Cinezik : Quel parcours vous a amené à devenir superviseur musical ?

Thibault Deboaisne : J'ai un parcours qui est très orienté musique. J'ai travaillé pendant 15 ans dans une maison de disques, Sony Music, puis à la Warner où je me suis occupé d'artistes dont j'étais chef de projet et directeur de marketing, des artistes internationaux et français tels que les BB Brunes, Archive, Lassa, Les Têtes Raides, Johnny Hallyday... Et à un moment donné j'ai voulu aller voir ailleurs. Un ami a voulu que je lui donne un coup de main sur un film qu'il produisait et dans lequel il y avait beaucoup de scènes musicales. C'était LES COQUILLETTES (2012) de Sophie Letourneur... Et depuis je suis fidèle à la société de production Ecce Films pour laquelle je supervise tous les films.
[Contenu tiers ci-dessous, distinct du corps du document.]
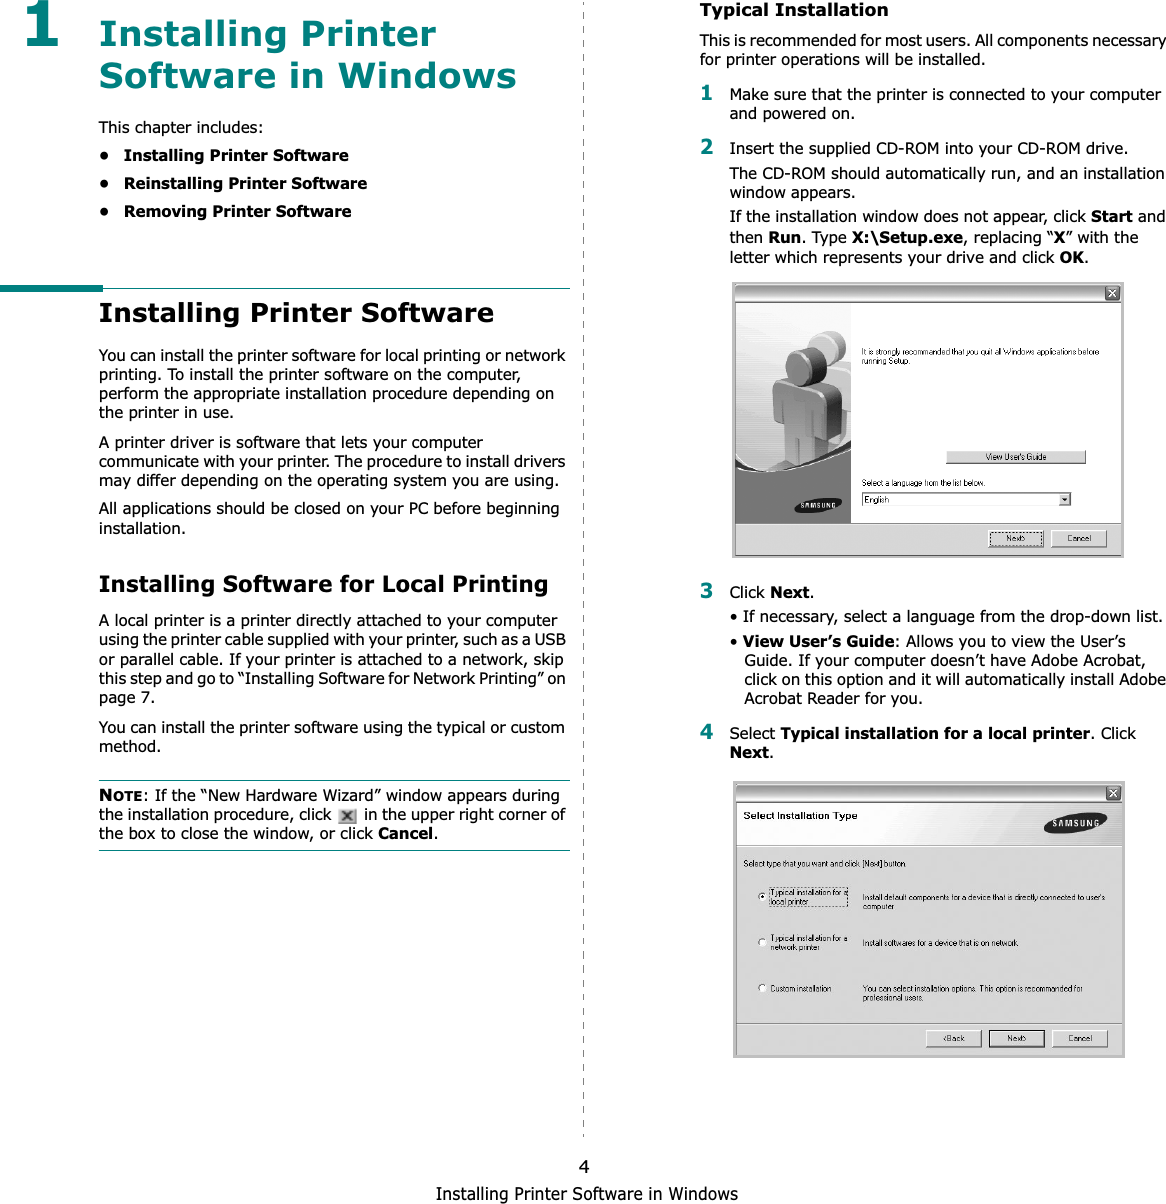 Installing Printer Software in Windows41Installing Printer Software in WindowsThis chapter includes:• Installing Printer Software• Reinstalling Printer Software• Removing Printer SoftwareInstalling Printer SoftwareYou can install the printer software for local printing or network printing. To install the printer software on the computer, perform the appropriate installation procedure depending on the printer in use.A printer driver is software that lets your computer communicate with your printer. The procedure to install drivers may differ depending on the operating system you are using.All applications should be closed on your PC before beginning installation. Installing Software for Local PrintingA local printer is a printer directly attached to your computer using the printer cable supplied with your printer, such as a USB or parallel cable. If your printer is attached to a network, skip this step and go to “Installing Software for Network Printing” on page 7.You can install the printer software using the typical or custom method.NOTE: If the “New Hardware Wizard” window appears during the installation procedure, click   in the upper right corner of the box to close the window, or click Cancel.Typical InstallationThis is recommended for most users. All components necessary for printer operations will be installed.1Make sure that the printer is connected to your computer and powered on.2Insert the supplied CD-ROM into your CD-ROM drive.The CD-ROM should automatically run, and an installation window appears.If the installation window does not appear, click Start and then Run. Type X:\Setup.exe, replacing “X” with the letter which represents your drive and click OK.3Click Next.• If necessary, select a language from the drop-down list.•View User’s Guide: Allows you to view the User’s Guide. If your computer doesn’t have Adobe Acrobat, click on this option and it will automatically install Adobe Acrobat Reader for you.4Select Typical installation for a local printer. Click Next.

Vous est-il arrivé de travailler sur un film en arrivant au milieu d'une collaboration constituée entre un compositeur et un réalisateur qui se connaissent bien ?

T.D : Oui, il m'est arrivé de travailler sur un film pour lequel il y avait une forte complicité entre le compositeur et le réalisateur, ce fut le cas pour GAZ DE FRANCE (2015) de Benoît Forgeard qui était complice avec Bertrand Burgalat. C'était le premier film qu'ils faisaient ensemble mais ils avaient travaillé sur une émission de télé. Dans ce cas, j'ai juste géré le juridique...

Vous exercez un nouveau métier en France... Comment se fait-il accepté par les artistes ? Quel est son rôle ?

T.D : C'est effectivement un nouveau métier. Il y a la question de la légitimité. Certains compositeurs se posent la question du rôle de superviseur musical, ils se demandent à quoi il sert, si ce n'est pas un poste superflu, s'il y a besoin d'une interface entre la production et eux... Ces questions sont légitimes pour les compositeurs de l'ancienne école qui ont une relation directe avec un producteur et un réalisateur. Néanmoins, si on fait bien ce métier, on peut être un filtre et une aide utile. Cela se vérifie dans les relations au cas par cas. Je pense que c'est effectivement un métier qui peut être utile en terme de conseils aussi, en terme de relation et d'organisation quotidienne, et de prendre des décisions. Je gère un budget qui est alloué par la production, et à l'intérieur de ce budget j'essaie de faire la proposition artistique qui soit la plus pertinente. J'essaie de trouver une pertinence par rapport à une histoire et un réalisateur, et de sortir des sentiers battus, en terme de compositeur et de musiques. Et j'apporte derrière tout cela une sécurité juridique.

Comment cela s'est passé sur VICTORIA de Justine Triet (que vous retrouvez après "La Bataille de Solférino") ?

T.D : J'ai commencé à travailler avec Justine il y a un an environ. A la lecture du scénario, il y avait plusieurs scènes qui étaient musicales, notamment pendant le mariage avec le couple d'amis qui entonne une chanson en duo en karaoké. La première question était de savoir quel titre il pouvait faire, il fallait que ça marche vocalement avec les deux interprètes. Justine est une tête chercheuse, elle va trouver sur YouTube des choses improbables, apriori impossibles à négocier car ce sont des versions live dont on ne connaît pas les ayant-droits. Il y avait par exemple une volonté de Justine d'avoir un morceau de Chilly Gonzales, un morceau au piano extrait de son dernier album. Il y avait cette volonté de l'avoir un peu comme fil rouge dans le film, à la fois interprété par Virginie Efira, son personnage étant pianiste. On s'est posé la question d'aller au-delà, de faire de la musique originale avec Chilly Gonzales, mais il était beaucoup plus ouvert à l'utilisation de morceaux qu'à une musique originale.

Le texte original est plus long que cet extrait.